== Segment start ==

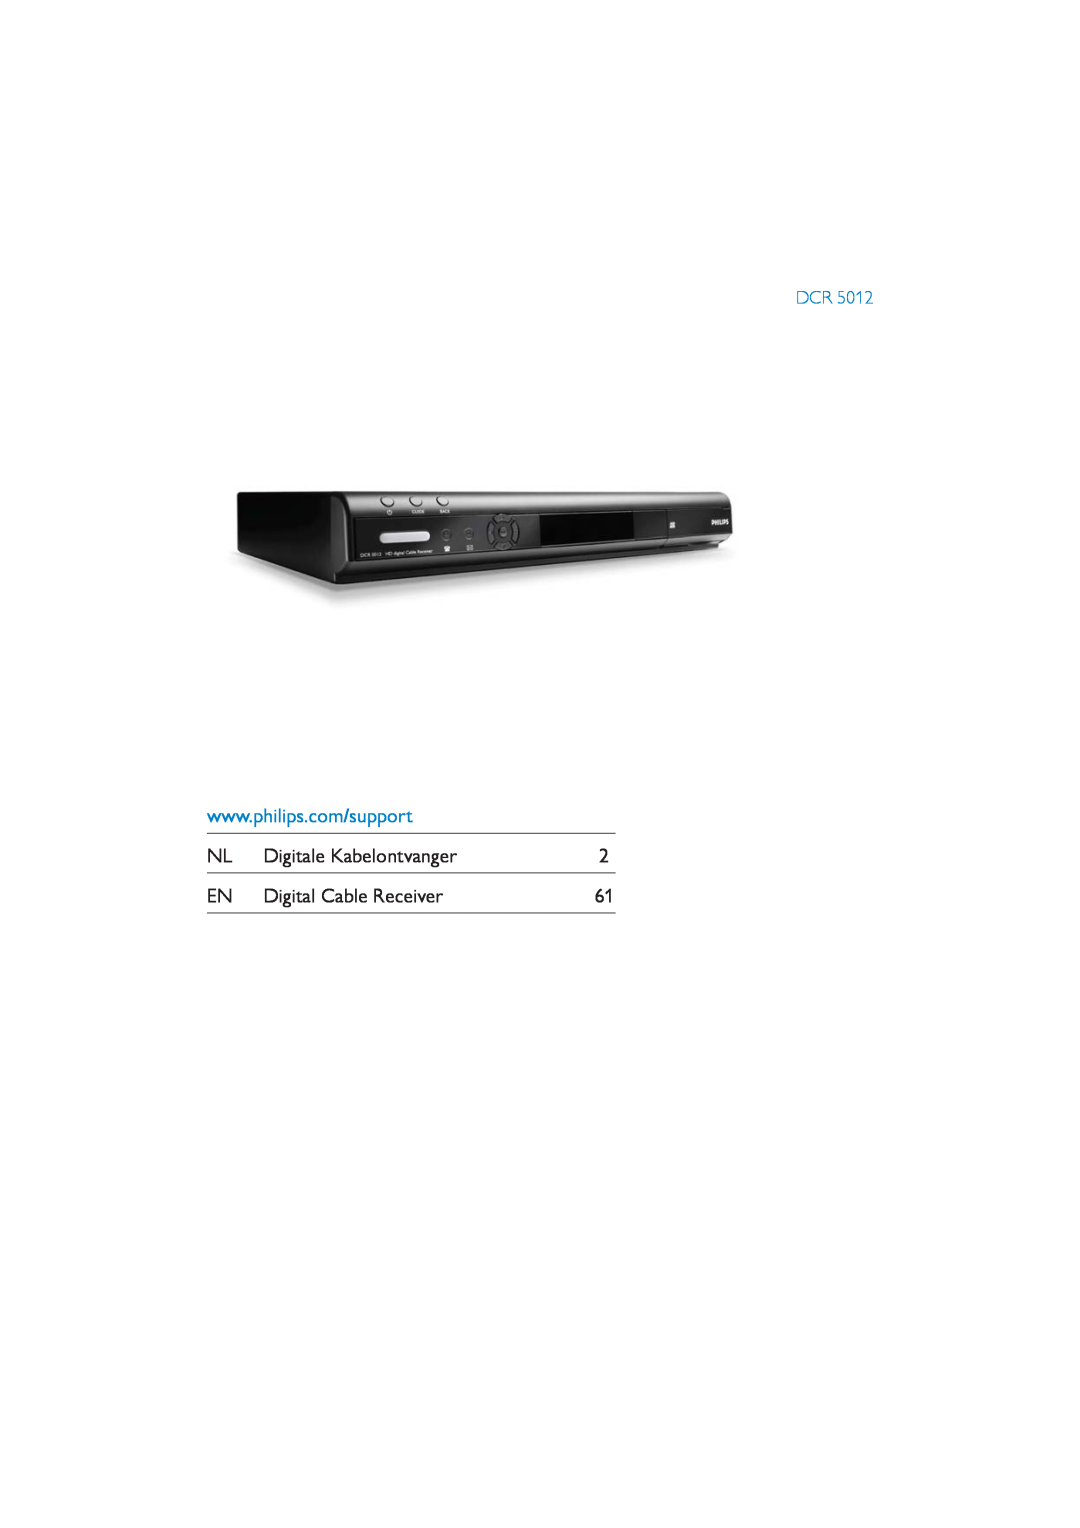 Philips DCR5012 manual Digitale Kabelontvanger, Digital Cable Receiver 
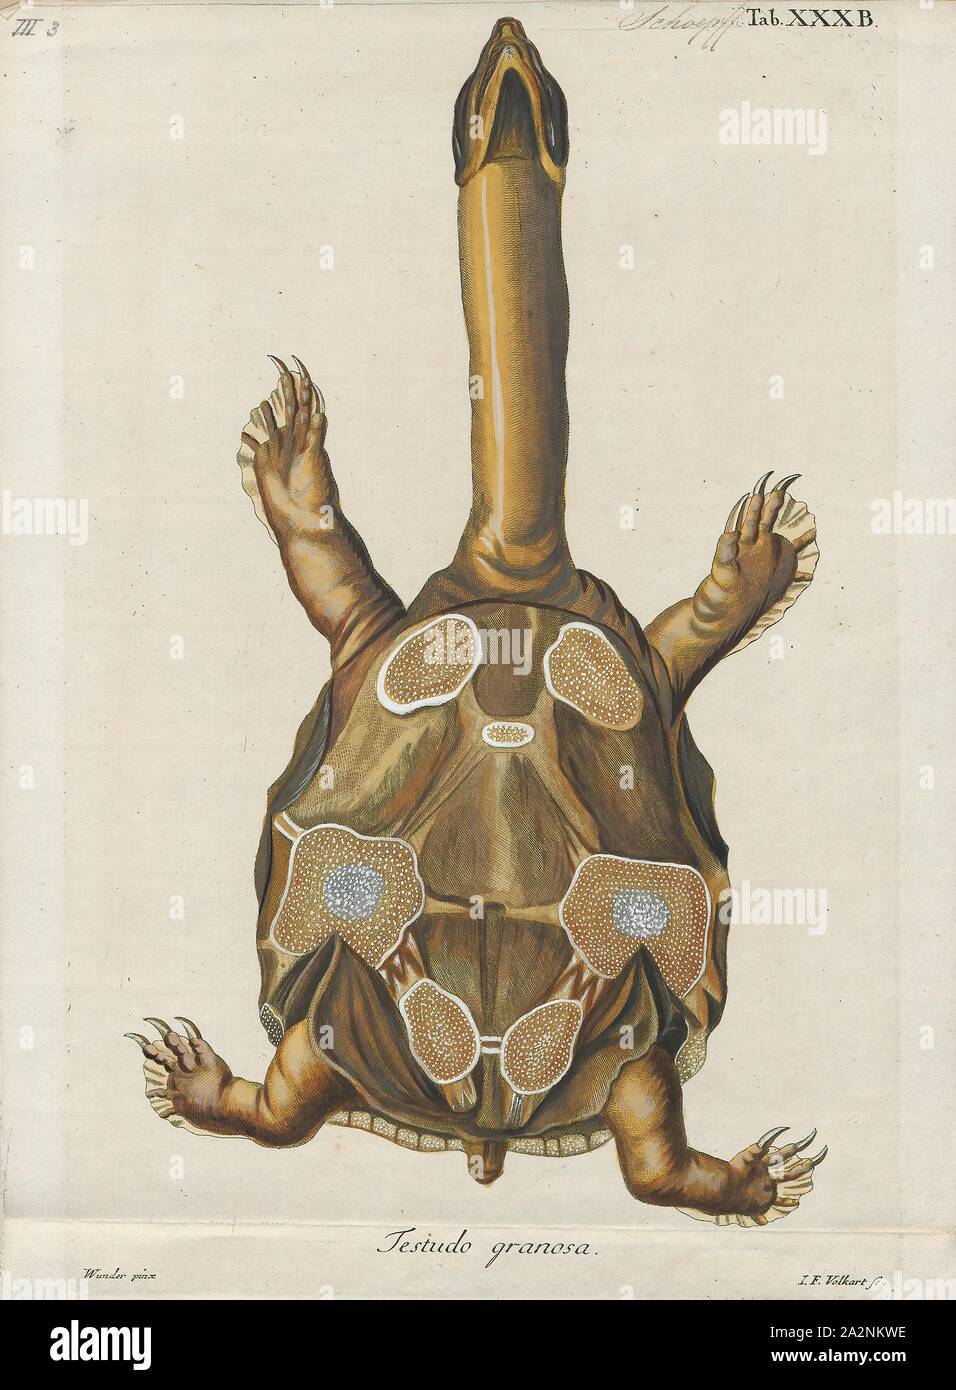 Testudo punctata, Drucken, die Indische flapshell Schildkröte (Lissemys punctata) ist eine Süßwasser-Arten von Schildkröten in Südasien gefunden. Die "Klappe - geschält" Name stammt aus dem Vorhandensein des femoralen Klappen entfernt auf dem PLASTRON. Diese Klappen der Haut umfassen die Glieder, wenn Sie in der Shell einfahren. Es ist unklar, was die Klappen zum Schutz vor Fressfeinden bieten. Indische flapshell Turtles sind weit verbreitet und häufig in den asiatischen Provinzen., Magen Seite Stockfoto
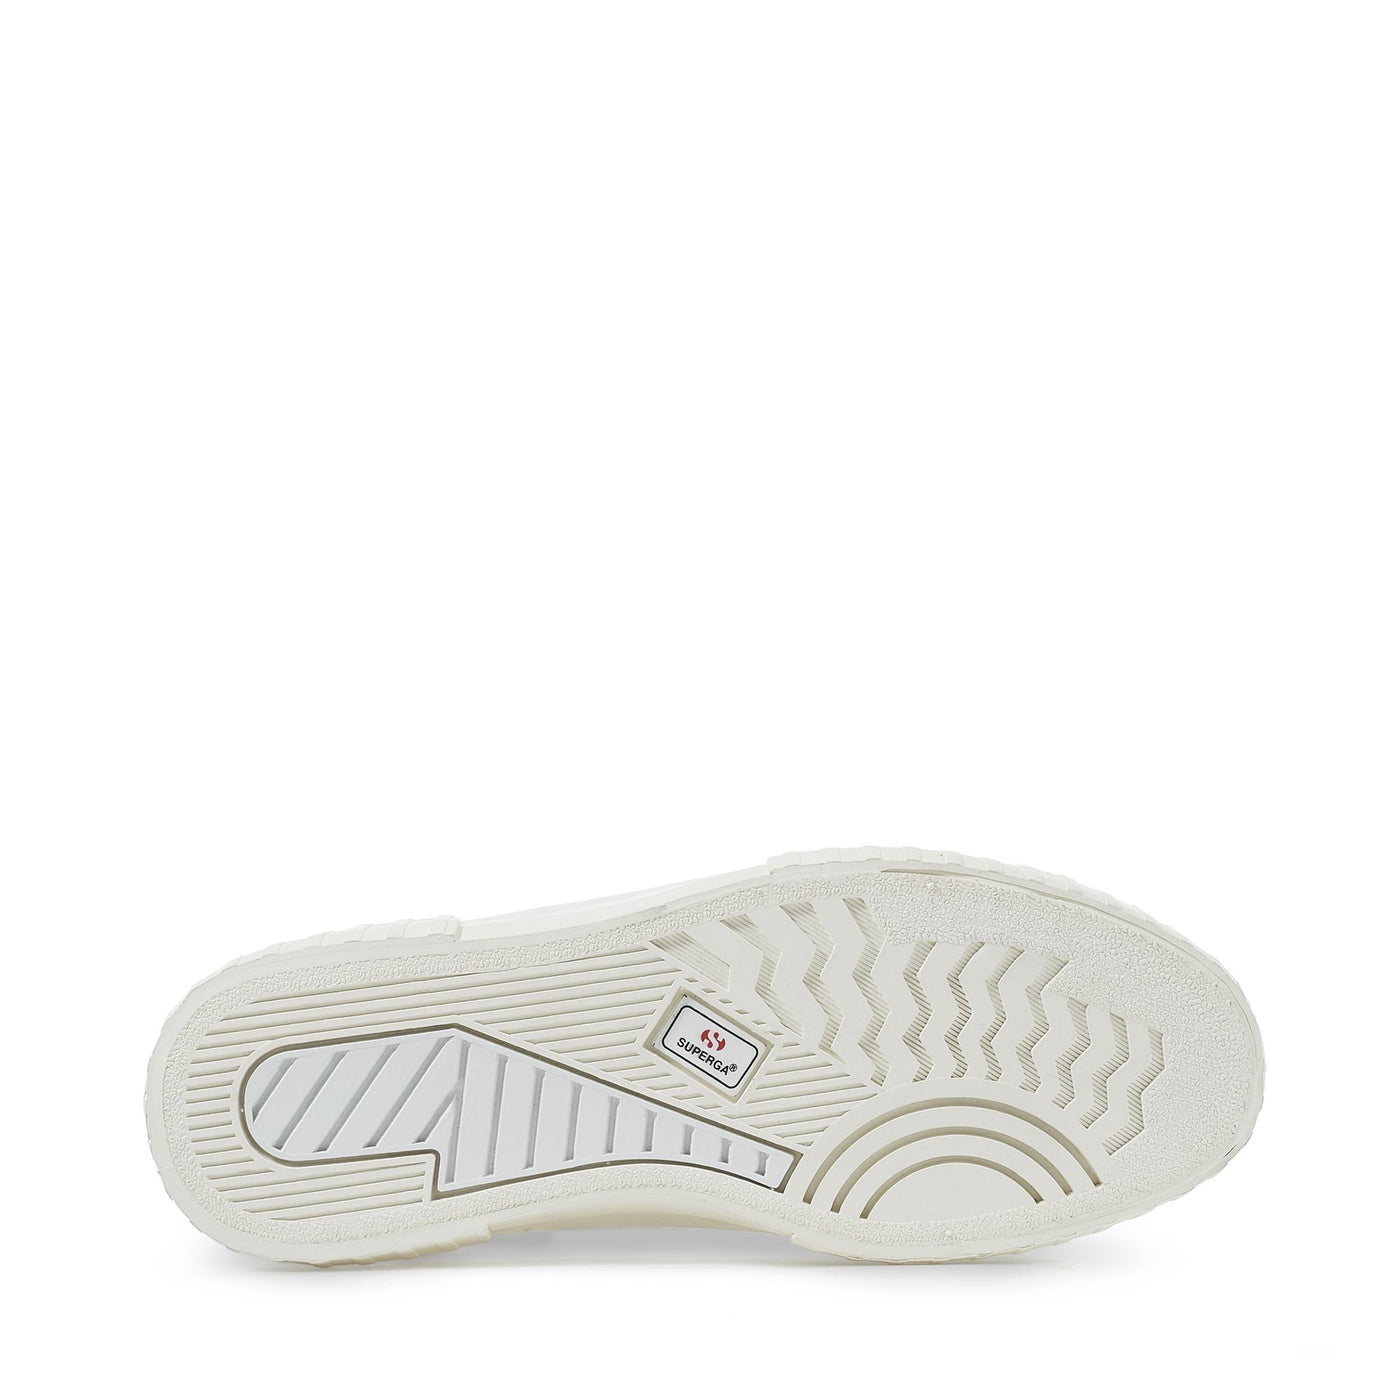 Sneakers Woman 2631 STRIPE PLATFORM Low Cut WHITE-WHITE AVORIO Detail (jpg Rgb)			
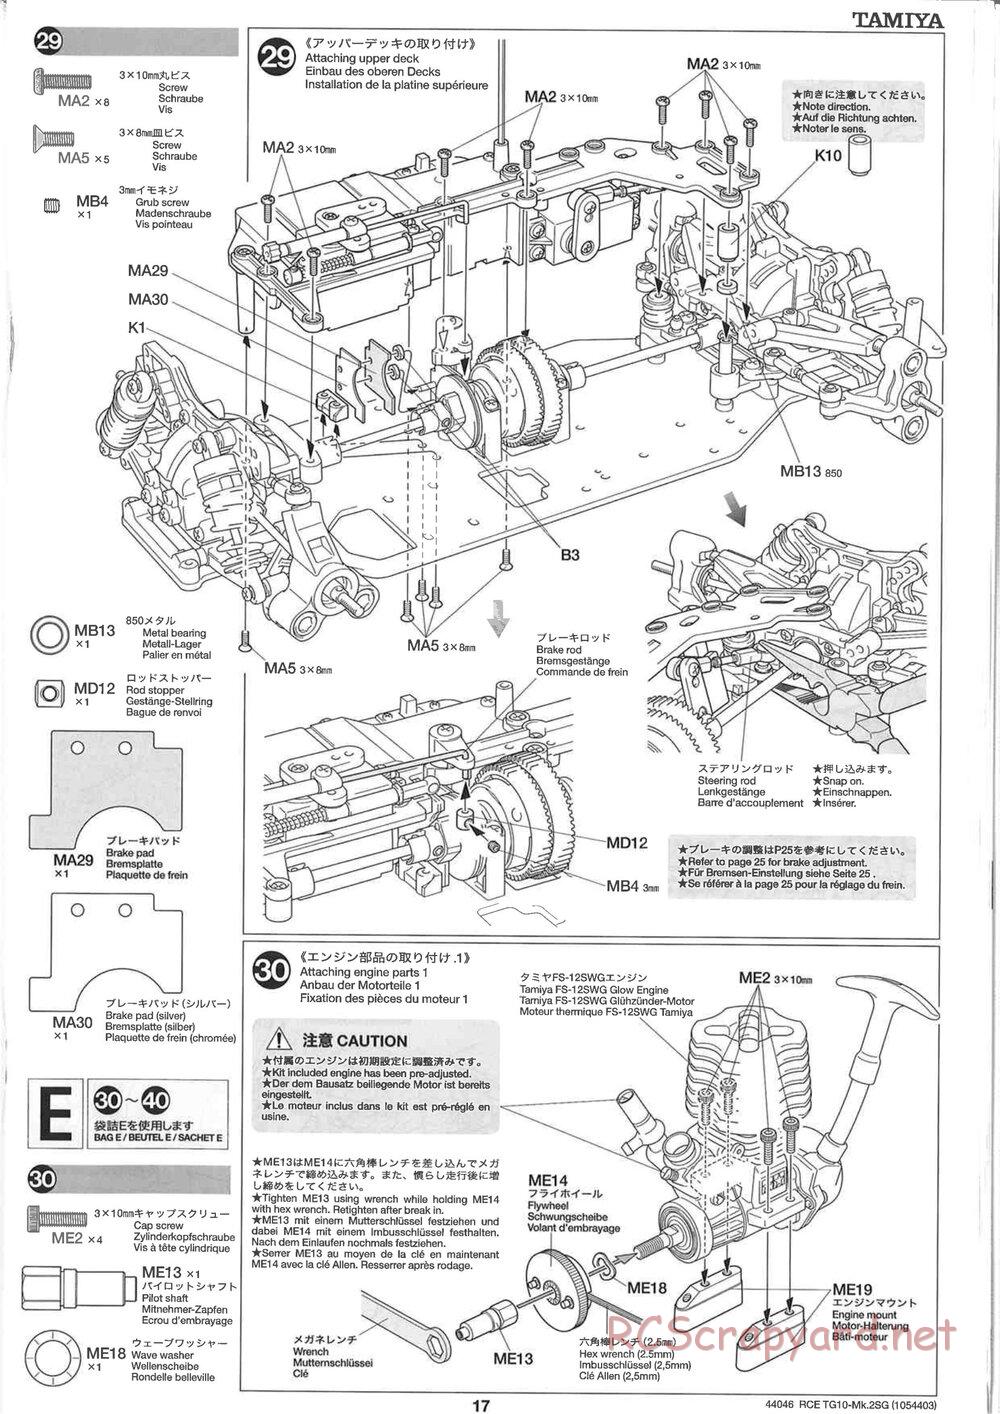 Tamiya - TG10 Mk.2SG Chassis - Manual - Page 17
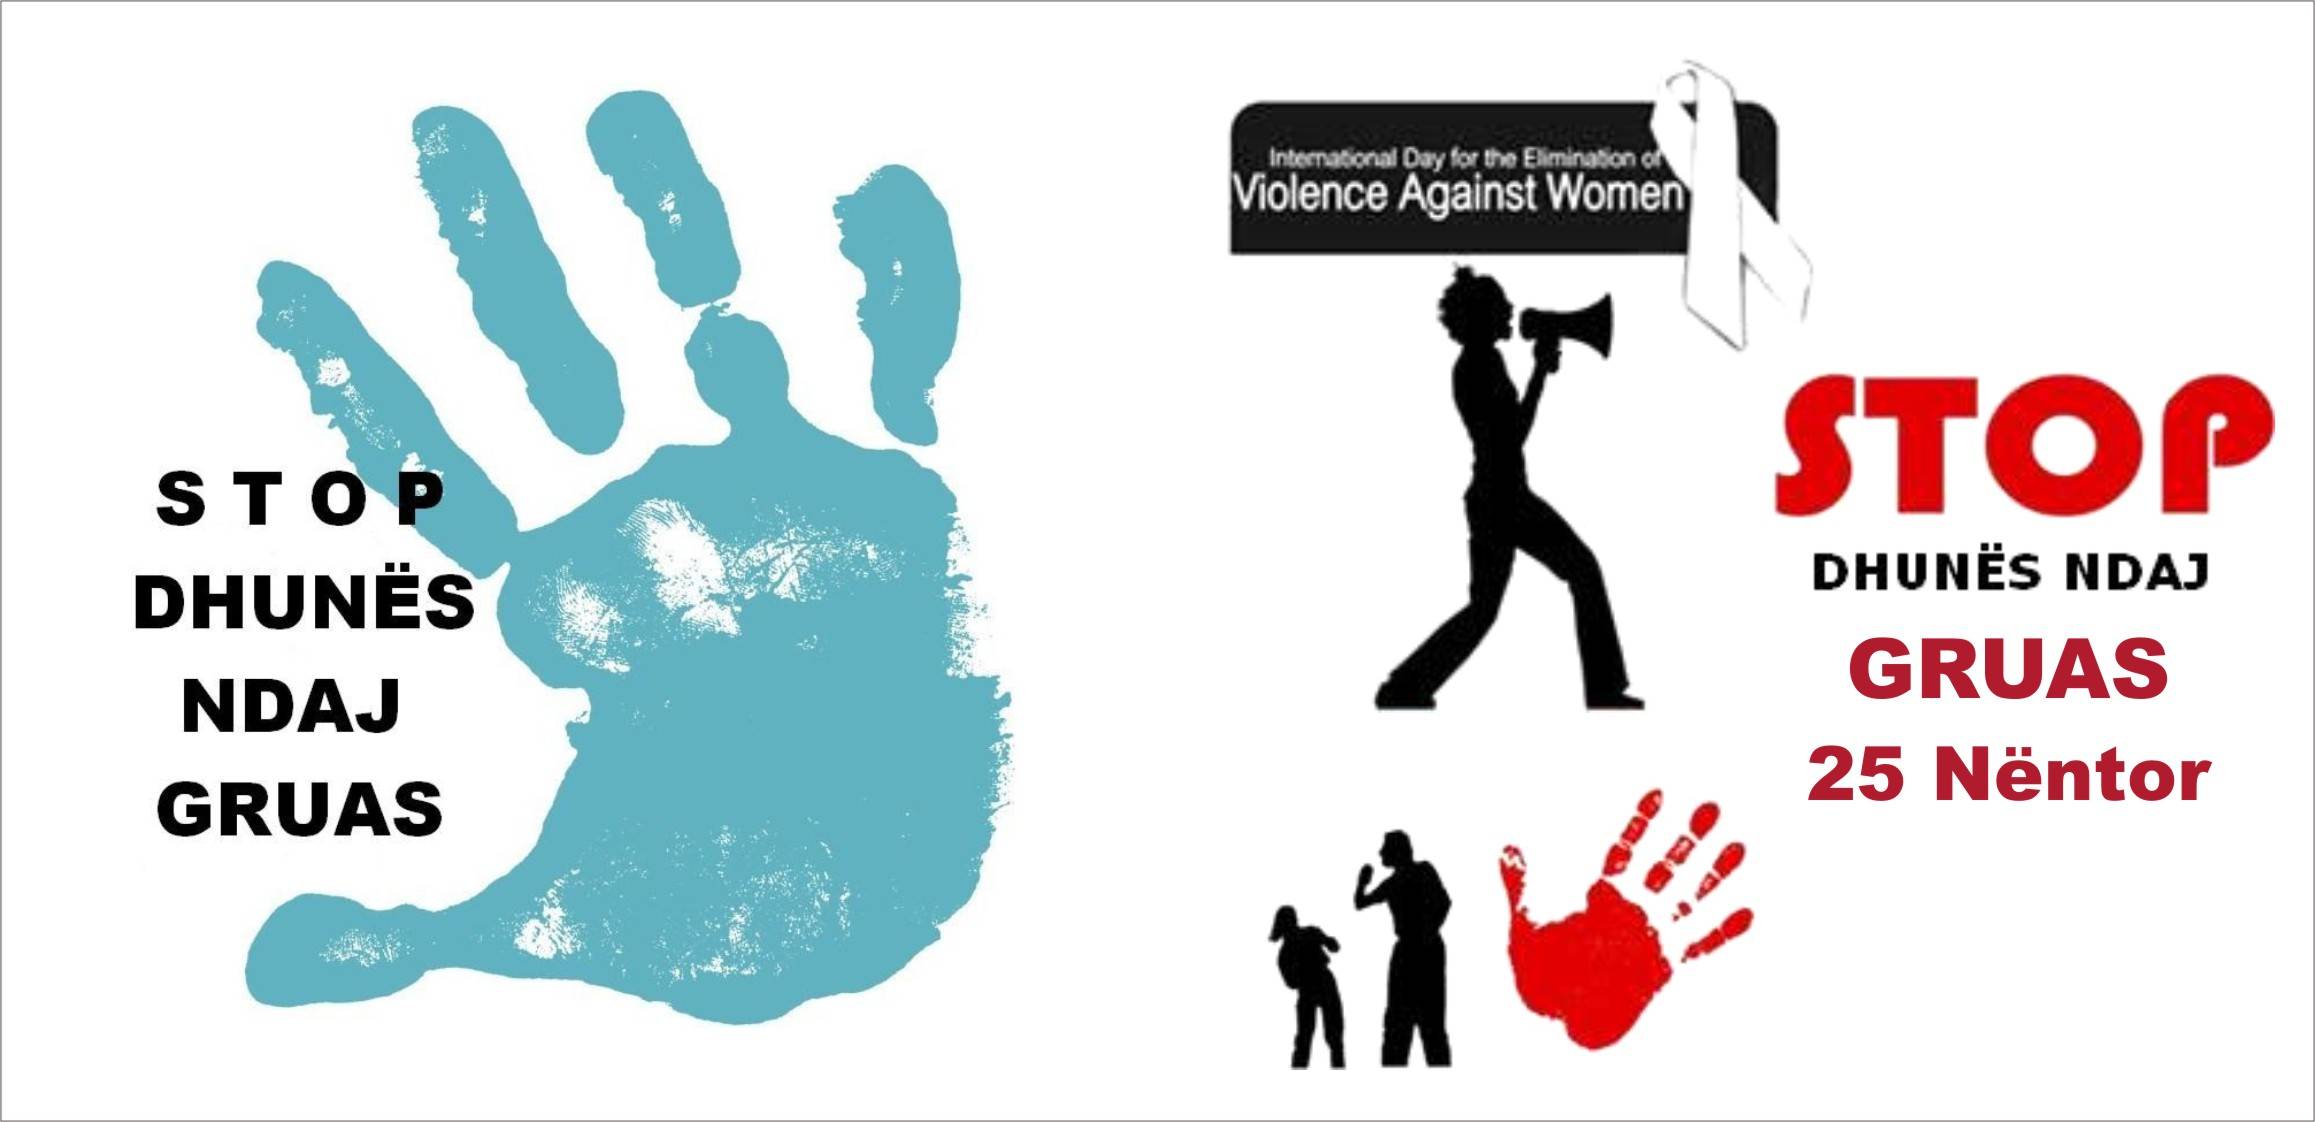 Sot nis fushata online për luftën kundër dhunës ndaj gruas

== Segment end ==

## YOUR GOAL
Pictures stay out; reproduce exactly the lines from the one containing "Sneakers Woman 2631" through the end of the data.

## FINISHED TASK
 Sneakers Woman 2631 STRIPE PLATFORM Low Cut WHITE-WHITE AVORIO Detail (jpg Rgb)			
 Tamiya - TG10 Mk.2SG Chassis - Manual - Page 17
 Sot nis fushata online për luftën kundër dhunës ndaj gruas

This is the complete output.